Finance houses’ ‘back testing’ capability is also being undermined by enterprise computing from two decades ago. Whilst there is not necessarily anything wrong with this per se, it is limiting their ability to query and build algorithms for ever-expanding data volumes. Increasingly, financial institutions want to run back testing on multi-year and multi location/market data, to help them more accurately predict market movement globally and to help reduce their risk exposure.

But today’s current financial technology infrastructures, in the most part, are not tuned up to deal with double digit terabytes and soon to be hundreds of terabytes of data. Long term, it becomes impractical from a cost perspective and a ‘real estate’ standpoint to continue to use ‘90s and ‘00s enterprise style computing – these systems require a lot of space.

Today, finance houses want to analyse more data from more sources than just exchanges and run simultaneous programmes to create a better understanding of their market. This includes a number of elements such as, market tick data, which is fixed format: it moves fast but its type is predictable; Sentiment analysis, which adds an additional data dimension, type variation as well as volume is an analytics approach to data whereby algorithms are emerging to search through popular social media feeds – twitter, for example – and other public sources looking for key words and phrases to spot trends that then inform the trading practice. For example, an algorithm that looks for discussions on energy, pipeline failure or oil spill will ‘e-discover’ the mood of market and predict how the market trades.

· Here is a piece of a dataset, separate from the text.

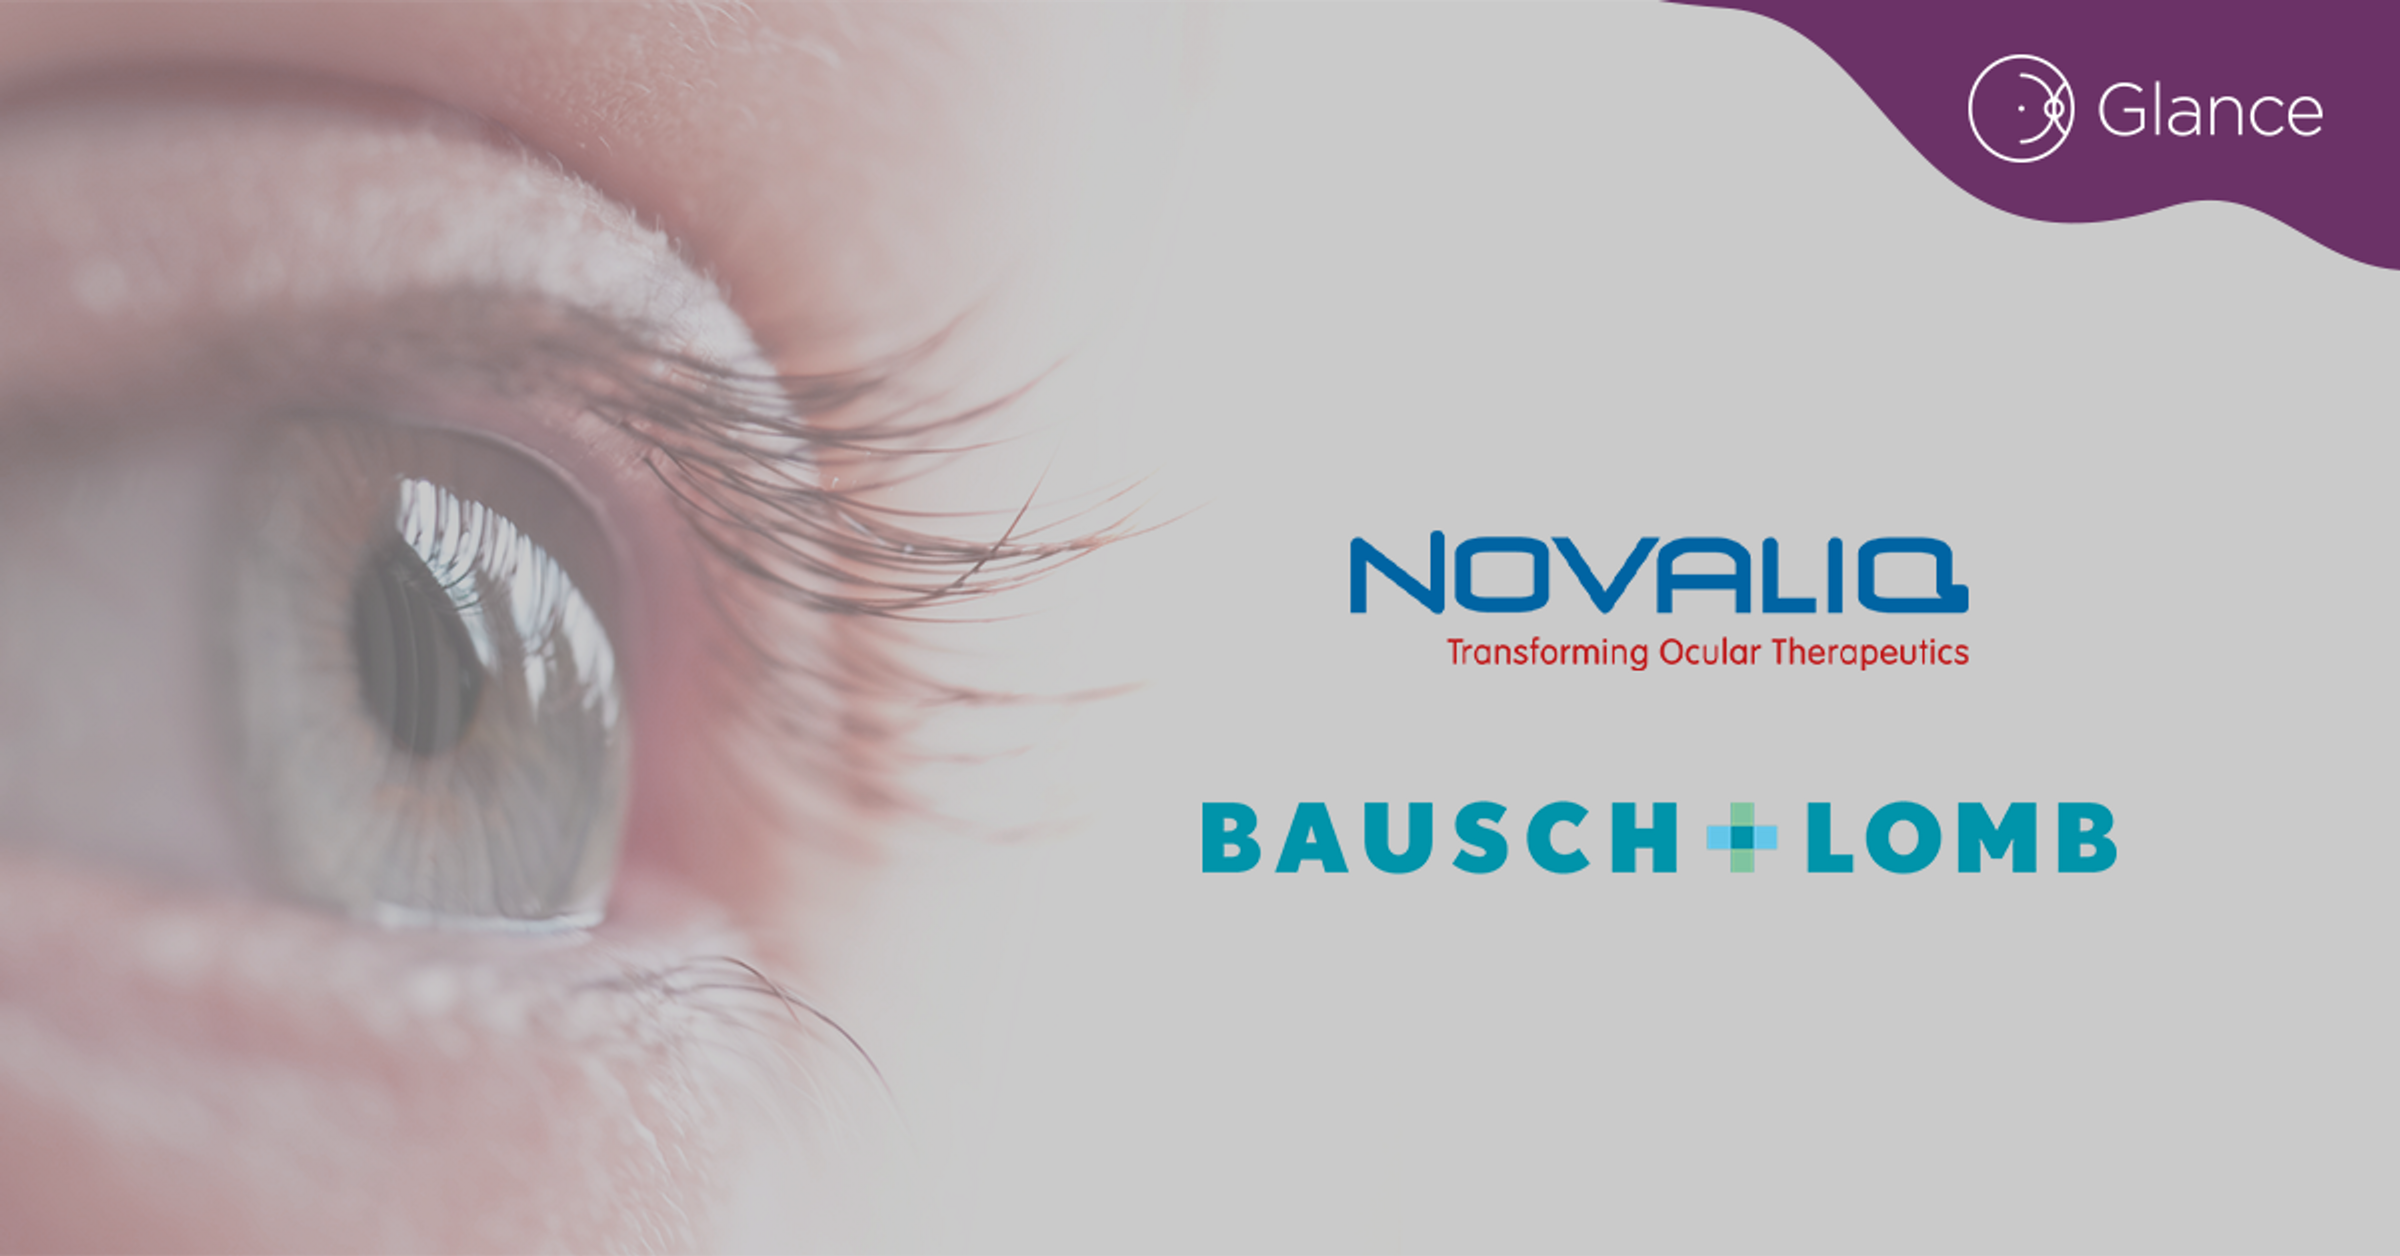 Bausch + Lomb, Novaliq release second phase 3 data for NOV03

The sheer increase in data volumes and the desire to analyse more data from multiple sources, whether it be structured in databases or unstructured like social media, it suddenly becomes no longer cost effective to try and build enterprise systems that can hold that much data in system memory, or storage cache. The particle physicists and life science researchers hit this wall 5 years ago and turned to non-blocking storage and on-line analytics to pre-process the data before storing and streaming gigabytes of data a second for months on end. If you were looking for the Higgs Boson particle and someone from the back of room put his hand up and said, “Sorry, can you run the 3 month experiment again, had a cache overflow and missed the bit in the middle” you would probably like to review contracts. Financial services may not have the volumes of their academic peers but they do have the same velocity problem – churning 30TB of market data faster than your competition will bring first mover advantage to any algorithmic trader.

Embrace HPC techniques 
To be competitive, firms need to look beyond client/server and even distributed systems and embrace HPC techniques, which have been tried and tested by the academic research community for at least the last ten years or so. In addition, technology strategy ambitions should not stop at batching data through cache. To batch is not terribly efficient, SAP Hana and SAS Grid are ushering the merger of online transaction processing and online-analytics into the enterprise. Batch processing will become as archaic as mainframes. Slicing data into ten iterations might speed things up, but ten iterations will soon become 100 iterations and so on, it is inefficient to say the least.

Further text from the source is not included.